If jobs aren’t taxed, won’t there be more jobs?  If we don’t tax what people produce, won’t the prices of produced things be lower?  Won’t involuntary poverty be eliminated?  Cannot this tax lay claim to being the most important idea in the world’s history?  In comparison, isn’t every other attempt at social improvement like rearranging the deck chairs on the Titanic?

It’s important that we reduce or replace taxes on jobs and produced things with another source of governmental revenue.  This book will show how that can be done.           

But don’t believe any of these claims until you see their ethical justification and factual substantiation; read on, then judge.  This book will be presenting ample logic and evidence, but we can’t do everything at once.

This all sounds almost too good to be true – but remember, it has been tried on a small scale many times and has always succeeded.  Chapter three will present some of the factual support in easy-to-read form and you can get brief summaries of 215 more empirical studies (preferably by email) and there are many more such studies!  Do you require any more factual proof?  
            

The explanation starts with our treatment of land, of nature. 

 

How The Proposal Works

Every land parcel can be rented out annually, and it is this potential annual rent, even if is not actually collected by landowners, that should be taxed, replacing as many other taxes as possible.
 

Important: do not merge land rent into the sale price of the building on it – these entities are entirely different and should be taxed differently.  Land-rent income is clearly actual when the landrentowner and the improvement owner are different people, but when they are the same, as it is for most homeowners, the annual land-rent income is imputed - it exists even if it doesn’t actually change hands.  The land’s sale price is based on it. 

We are currently taxing land rent by taxing the land’s sales price, but eventually we should tax the annual land-rent income directly (and not the value of the building on it).   If a land tax replaces other taxes, most people will save because they have little taxable land income. 

Even vacant lots have an annual rent, which is why they can be extremely valuable.  The annual rent is based on the land’s highest-and-best potential use (as permitted by zoning) and not at all on its current use.   

This book does not advocate a higher tax on vacant land than on built-upon land.  That’s a terrible idea.   Rather it advocates a higher tax on all land rent, whether the land is built upon or vacant, instead of on buildings or other human-produced goods and services.   

This higher tax on land rent is hereafter referred to as LRT. It can gradually  replace such harmful and regressive taxes as the local property tax on buildings or the federal tax on payrolls. 
  

Since one tax will replace other taxes, government revenue will not be diminished.  Most people will get tax reductions because they have little land rent income, actual or imputed, but are hit hard by taxes on what they produce.  You will be one of the savers unless a significant portion of your income comes from land ownership (but even then, you would benefit from a production-tax-free economy).

Lower taxes on things you produce while the government gets the revenue it needs - can you support that?  This book will even propose a way for all wage earners to get take-home pay increases.

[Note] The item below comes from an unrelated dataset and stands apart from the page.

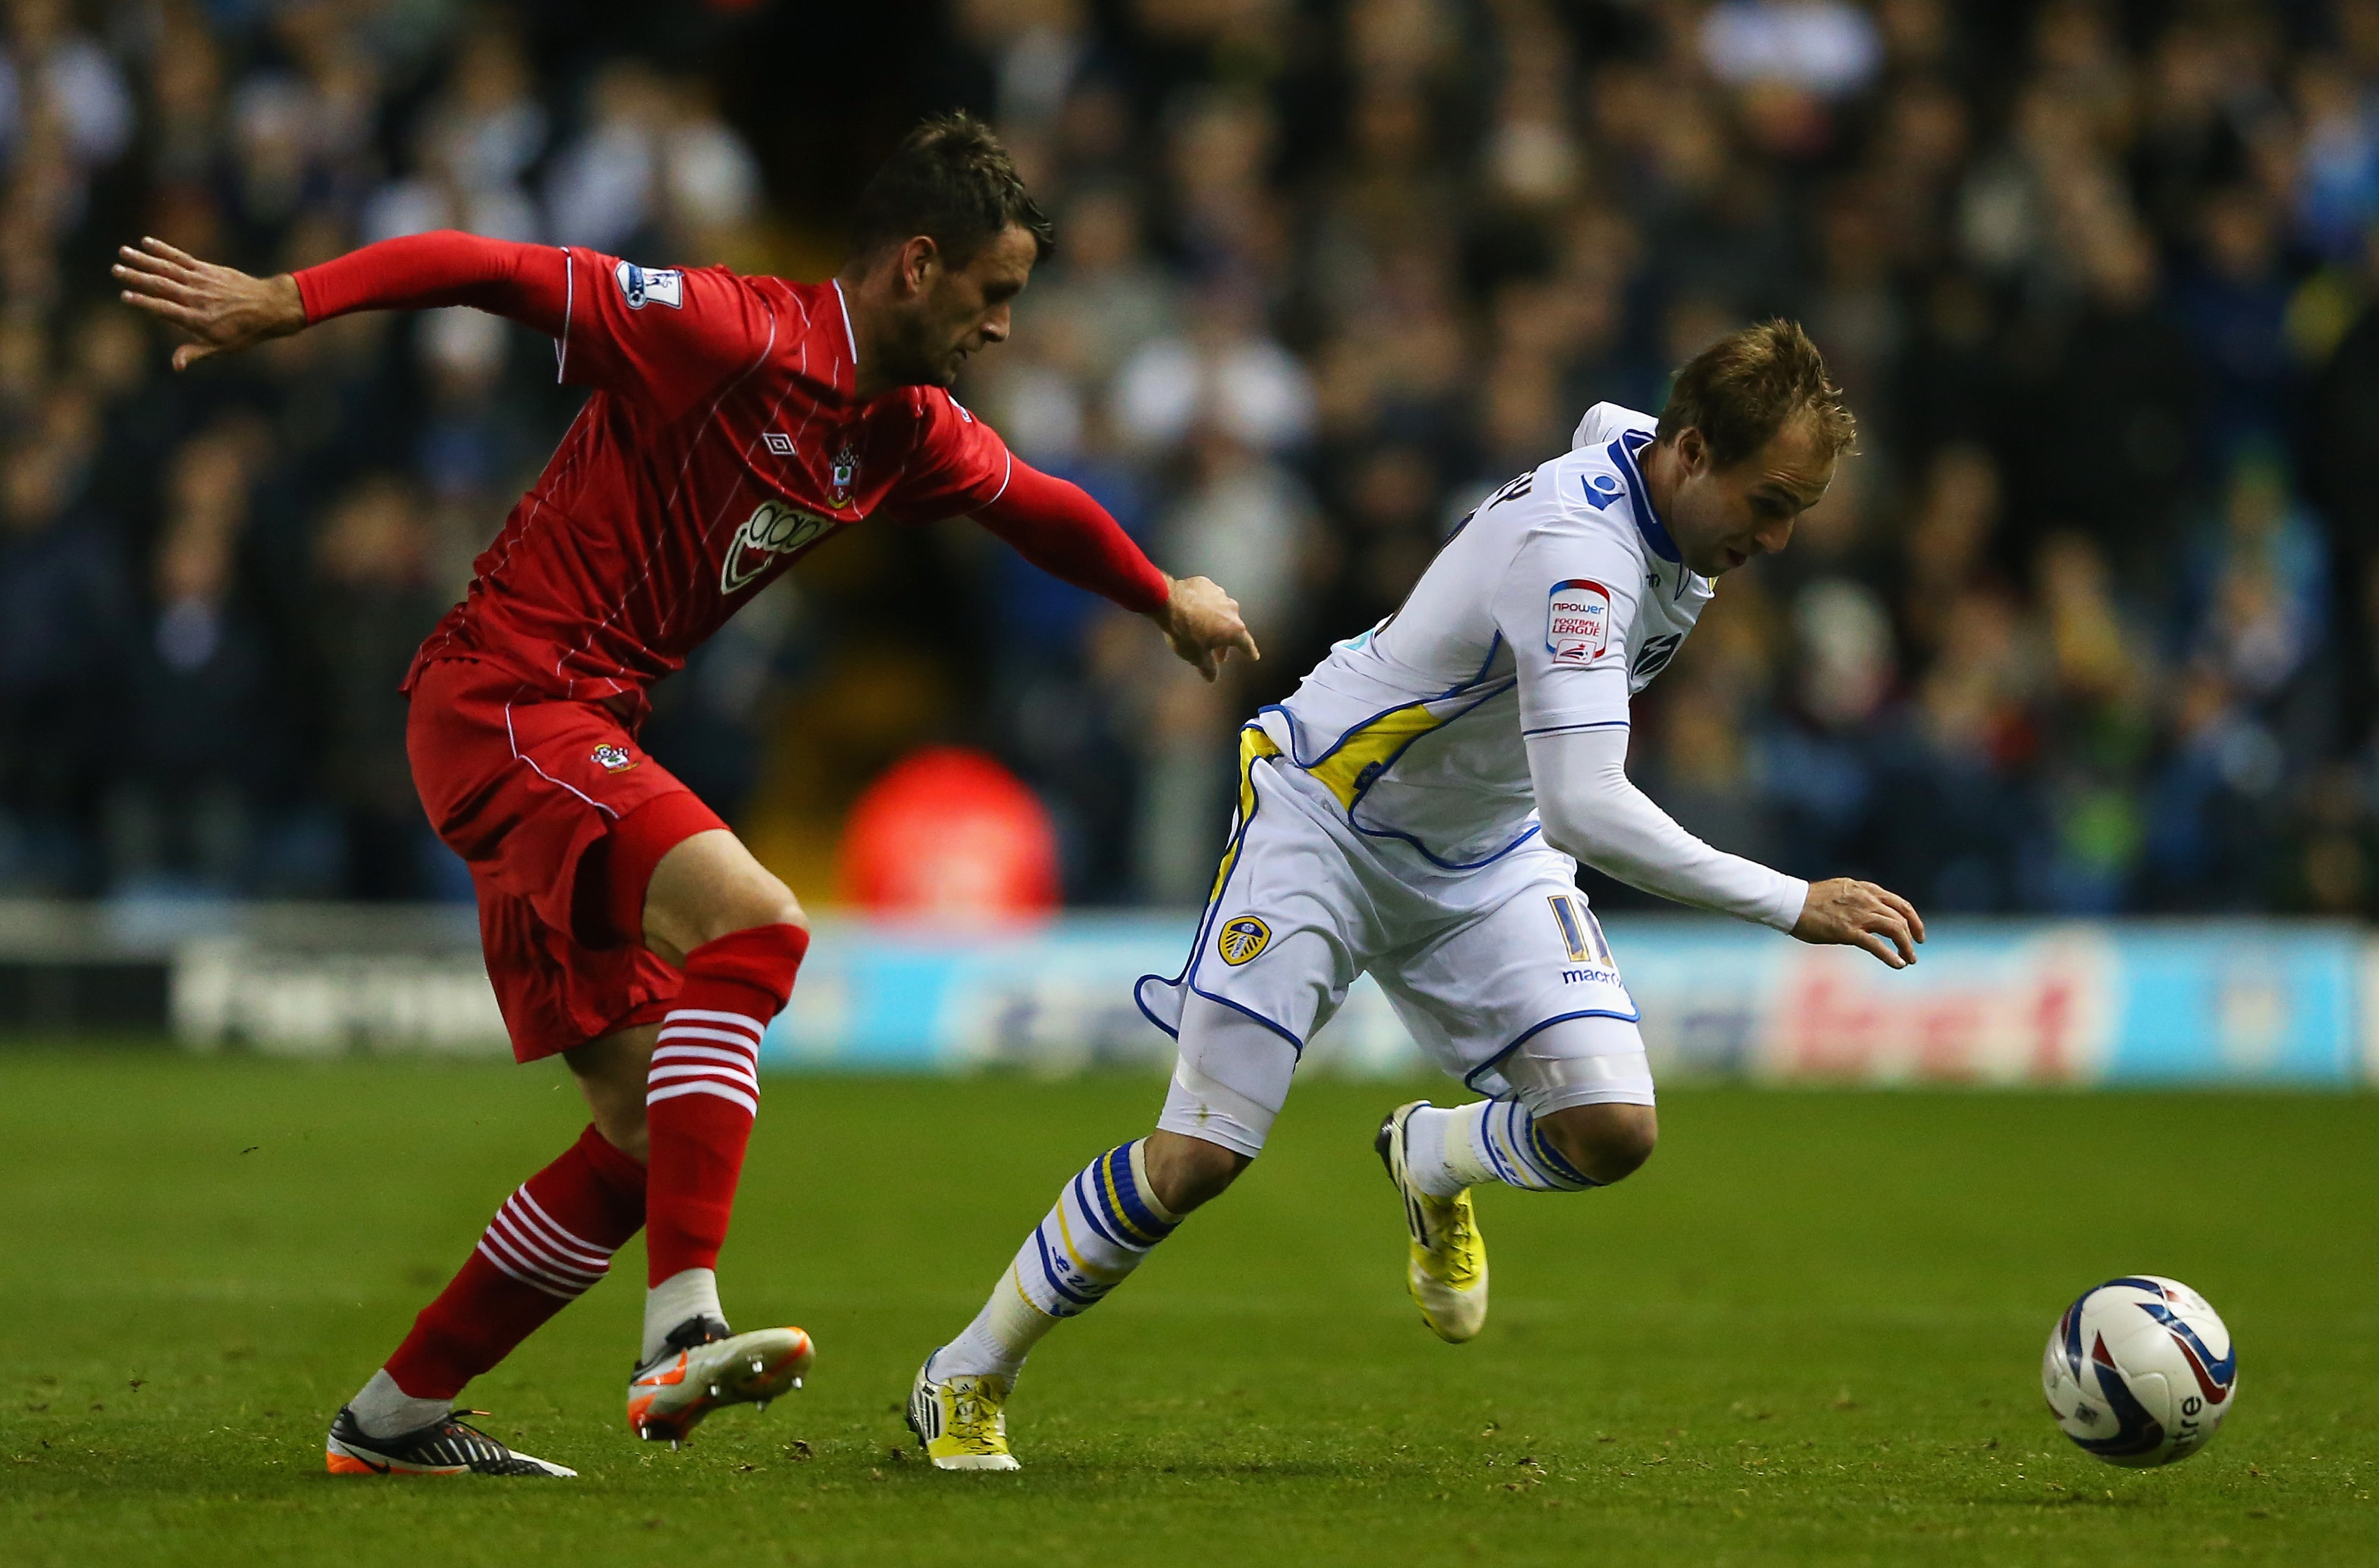 Luke Varney won a first half penalty.

Consider this: every American’s share of the national debt, as of 12/04, was $24,510 (source: Heartland Institute), probably more now.  Then add to that each American’s share of federal taxes, as well as the taxes and deficits of localities and states: the total exceeds what the average American earns yearly!  Then multiply all this by four to see how the typical American family would be affected. 

The largest single expense of an average lifetime is taxes, especially for those high up on the career ladder.  Many Americans won’t have enough money for their entire retirement.  We won’t be able to pay for social-security privatization unless we tax land values or rent.  We are gradually becoming socialized as we increasingly tax labor & capital.  The situation is worse in most other countries - but this book will show how this burden can be lifted.